> Problem to work on
The entries below must be repeated exactly. None may be skipped.

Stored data
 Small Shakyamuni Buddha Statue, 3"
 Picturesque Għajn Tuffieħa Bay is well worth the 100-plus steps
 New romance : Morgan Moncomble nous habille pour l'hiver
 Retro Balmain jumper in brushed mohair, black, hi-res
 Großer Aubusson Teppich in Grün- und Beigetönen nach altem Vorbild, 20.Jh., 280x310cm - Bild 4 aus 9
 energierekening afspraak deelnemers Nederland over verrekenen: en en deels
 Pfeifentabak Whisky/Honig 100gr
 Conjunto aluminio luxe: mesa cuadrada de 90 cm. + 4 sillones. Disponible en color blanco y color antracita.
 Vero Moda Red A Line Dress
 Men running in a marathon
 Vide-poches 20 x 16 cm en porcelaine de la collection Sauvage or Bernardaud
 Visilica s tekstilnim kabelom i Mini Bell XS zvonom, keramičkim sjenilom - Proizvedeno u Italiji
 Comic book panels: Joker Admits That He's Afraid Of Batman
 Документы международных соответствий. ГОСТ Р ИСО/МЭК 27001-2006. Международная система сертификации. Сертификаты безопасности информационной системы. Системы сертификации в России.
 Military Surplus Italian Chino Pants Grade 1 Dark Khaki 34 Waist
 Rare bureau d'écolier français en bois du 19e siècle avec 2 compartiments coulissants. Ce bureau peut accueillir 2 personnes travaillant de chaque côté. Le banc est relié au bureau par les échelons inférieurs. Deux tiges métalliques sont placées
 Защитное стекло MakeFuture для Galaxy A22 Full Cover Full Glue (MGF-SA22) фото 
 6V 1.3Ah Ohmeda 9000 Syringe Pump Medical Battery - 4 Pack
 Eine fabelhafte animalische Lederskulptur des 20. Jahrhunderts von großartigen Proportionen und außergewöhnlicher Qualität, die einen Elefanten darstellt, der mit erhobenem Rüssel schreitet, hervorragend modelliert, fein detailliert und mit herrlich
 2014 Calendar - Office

> Answer space
 Small Shakyamuni Buddha Statue, 3"
 Picturesque Għajn Tuffieħa Bay is well worth the 100-plus steps
 New romance : Morgan Moncomble nous habille pour l'hiver
 Retro Balmain jumper in brushed mohair, black, hi-res
 Großer Aubusson Teppich in Grün- und Beigetönen nach altem Vorbild, 20.Jh., 280x310cm - Bild 4 aus 9
 energierekening afspraak deelnemers Nederland over verrekenen: en en deels
 Pfeifentabak Whisky/Honig 100gr
 Conjunto aluminio luxe: mesa cuadrada de 90 cm. + 4 sillones. Disponible en color blanco y color antracita.
 Vero Moda Red A Line Dress
 Men running in a marathon
 Vide-poches 20 x 16 cm en porcelaine de la collection Sauvage or Bernardaud
 Visilica s tekstilnim kabelom i Mini Bell XS zvonom, keramičkim sjenilom - Proizvedeno u Italiji
 Comic book panels: Joker Admits That He's Afraid Of Batman
 Документы международных соответствий. ГОСТ Р ИСО/МЭК 27001-2006. Международная система сертификации. Сертификаты безопасности информационной системы. Системы сертификации в России.
 Military Surplus Italian Chino Pants Grade 1 Dark Khaki 34 Waist
 Rare bureau d'écolier français en bois du 19e siècle avec 2 compartiments coulissants. Ce bureau peut accueillir 2 personnes travaillant de chaque côté. Le banc est relié au bureau par les échelons inférieurs. Deux tiges métalliques sont placées
 Защитное стекло MakeFuture для Galaxy A22 Full Cover Full Glue (MGF-SA22) фото 
 6V 1.3Ah Ohmeda 9000 Syringe Pump Medical Battery - 4 Pack
 Eine fabelhafte animalische Lederskulptur des 20. Jahrhunderts von großartigen Proportionen und außergewöhnlicher Qualität, die einen Elefanten darstellt, der mit erhobenem Rüssel schreitet, hervorragend modelliert, fein detailliert und mit herrlich
 2014 Calendar - Office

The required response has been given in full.